Тут много ветров, целый клубок или, вернее, слоеный пирог из ветров. Возьмешь чуть выше, и тебя потащит-повлечет к башне — это работает засасывающая система. Метров на десять ниже — и отбросит с силой выдуваемым кислородом. Этим системам башня как таковая вовсе не нужна: преобразование происходит в капсулах-кавернах, каковых множество заложено вокруг башни, и по виду не отличить, какие из них работают на забор, а какие — на подачу. У техников есть схема. А у крошки-«реполова» — только шкура и крылышки. И крошка-«реполов», не задумываясь, ныряет в эти потоки.

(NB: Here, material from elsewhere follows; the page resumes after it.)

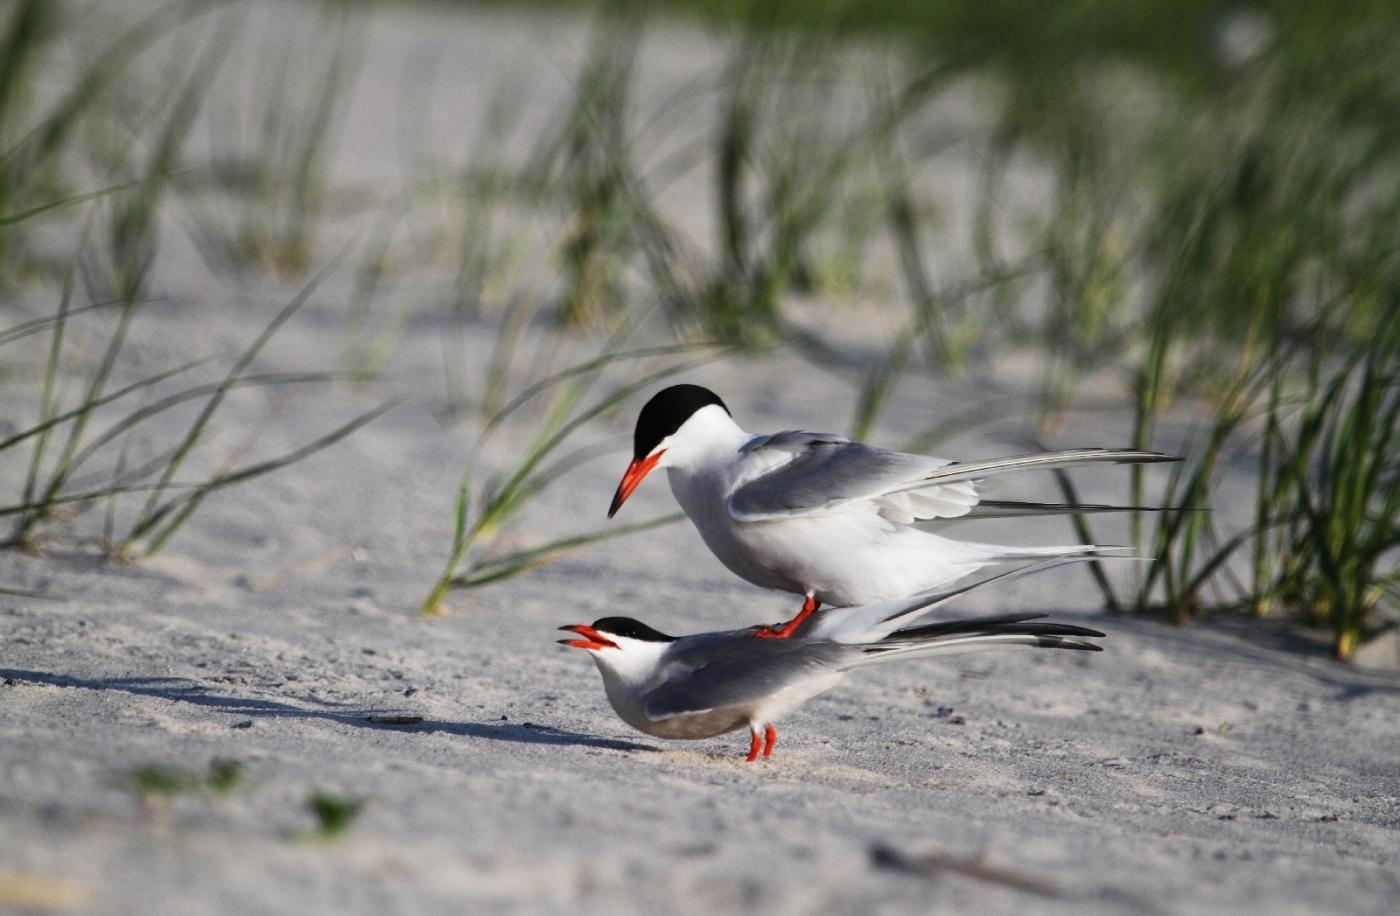 【田螺摄影】nickerson beach拍燕鸥求爱[二]_图1-4

Я словно лист на ветру, но это бы ладно. Ветер перебрасывает меня с ладони на ладонь, а того, второго, крутит, как щепку в водовороте. О, да, у нас тут воронки и еще целый букет вибраций разных частот.
Весело ль тебе?
Мне — в самый раз, если только крылья не вырвет. Очень неудобно получится перед телом в кабине, оно не переживет. Дорого оно мне? Ну как сказать, учитывая, что оно более не есть необходимое условие жизни… Для чего оно мне так уж нужно? Разве для любви? Женщины, правда, обладают необъяснимой способностью любить весь семантический спектр: как истребителей, так и истребители, правду говорю, сам видел. Первая… ну не так, чтобы совсем уж первая, но первая из тех, кто имел значение, вошла в жизнь под нестерпимое сияние «Nessun Dorma». Моя Турандот… ладно, уже не моя. Меня всегда тянуло к тем, кто задает загадки. Поэтому вторая — как «Призрак оперы», пламя под слоем льда, свет во тьме и тень на свету, разгон и отрыв, если кто понимает. И кодовое слово, обладающее надо мной волшебной властью: «Зиглинда». Но «Призрака» поют вдвоем. Но-но, это кто тут Призрак? И значит ли это, что где-то ходят мои «Зеленые рукава» или «Siuil a Ruin»?